Our Board of Directors has adopted a Code of Ethics which is posted on FCB’s Internet website at www.firstcitizens.com. The Code applies to our directors and executive officers and is intended to promote:

 

  ·  

honest and ethical conduct;

 

  ·  

the ethical handling of actual or apparent conflicts of interests between personal and professional relationships;

 

  ·  

full, fair, accurate, timely and understandable disclosure in reports and documents that we file with the Securities and Exchange Commission;

 

  ·  

compliance with applicable governmental laws, rules and regulations; and

 

  ·  

prompt internal reporting of violations of the Code to the Board’s Audit and Compliance Committee.

We have established a means by which officers, employees, customers, suppliers, shareholders or others may submit confidential and anonymous reports regarding ethical or other concerns about our company or any of our associates. Anyone wishing to submit a report may call (800) UREPORT (800-873-7678). Reports also may be submitted online through FCB’s Internet website.

COMMITTEES OF OUR BOARD

General

Our Board of Directors has three independent, standing committees that assist the Board in oversight and governance matters. They are the Audit and Compliance Committee, the Nominations Committee, and the Compensation Committee.
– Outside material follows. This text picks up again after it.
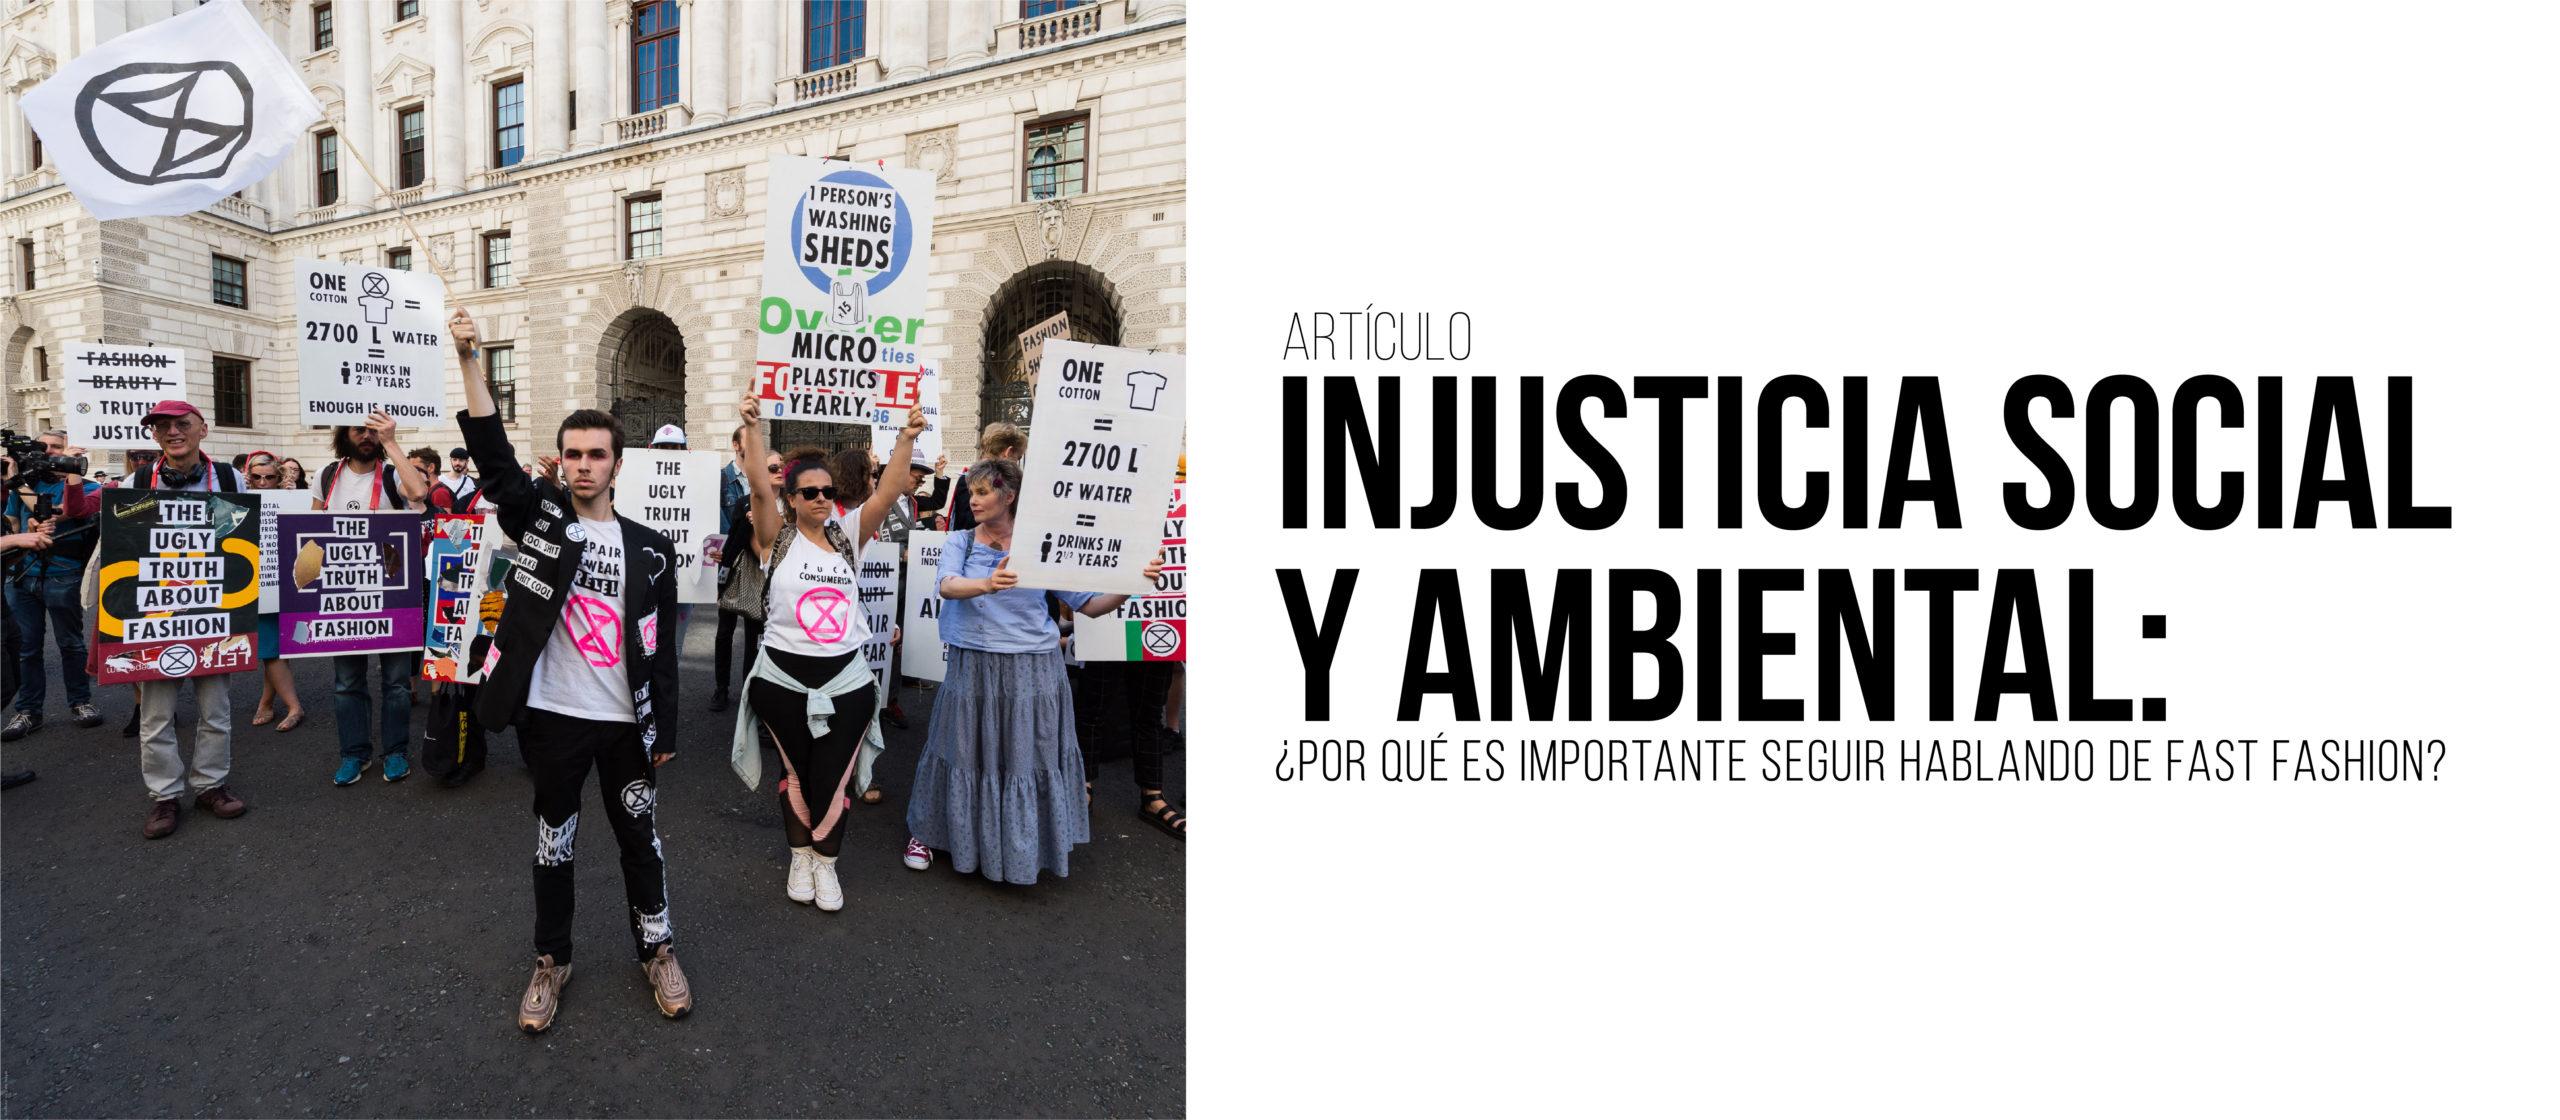 Injusticia social y ambiental: ¿Por qué es importante seguir hablando de Fast Fashion?

Those Committees operate under written charters approved by our Board that sets out their composition, authority, duties and responsibilities. We believe that each member of those Committees is an “independent director” as that term is defined by Nasdaq’s listing standards. Current copies of the charters of those Committees are posted on FCB’s Internet website at www.firstcitizens.com. The Board also has an Executive Committee, of which the majority of the members are independent directors. The current members of each Committee are listed in the following table, and the function of and other information about each committee is described in the paragraphs below.

 

Audit and Compliance

  Nominations   Compensation (1)   Executive
H. Lee Durham, Jr. - Chairman   R. C. Soles, Jr. - Chairman   Victor E. Bell III - Chairman   Lewis R. Holding - Chairman
John M Alexander, Jr.   Joseph T. Maloney, Jr.   Lewis M. Fetterman   Victor E. Bell III
H. M. Craig III   Robert T. Newcomb   Lewis T. Nunnelee II   Hope H. Connell
Charles B. C. Holt       H. Lee Durham, Jr.
      Frank B. Holding, Jr.
      Charles B. C. Holt
      James B. Hyler, Jr.
      Lucius S. Jones
      Lewis T. Nunnelee II

(1)   Mr. Bell was first elected to the Committee during 2006 and has served as Chairman since the retirement from the Board in October 2006 of Freeman R. Jones, who previously served as Chairman and participated in all 2006 meetings.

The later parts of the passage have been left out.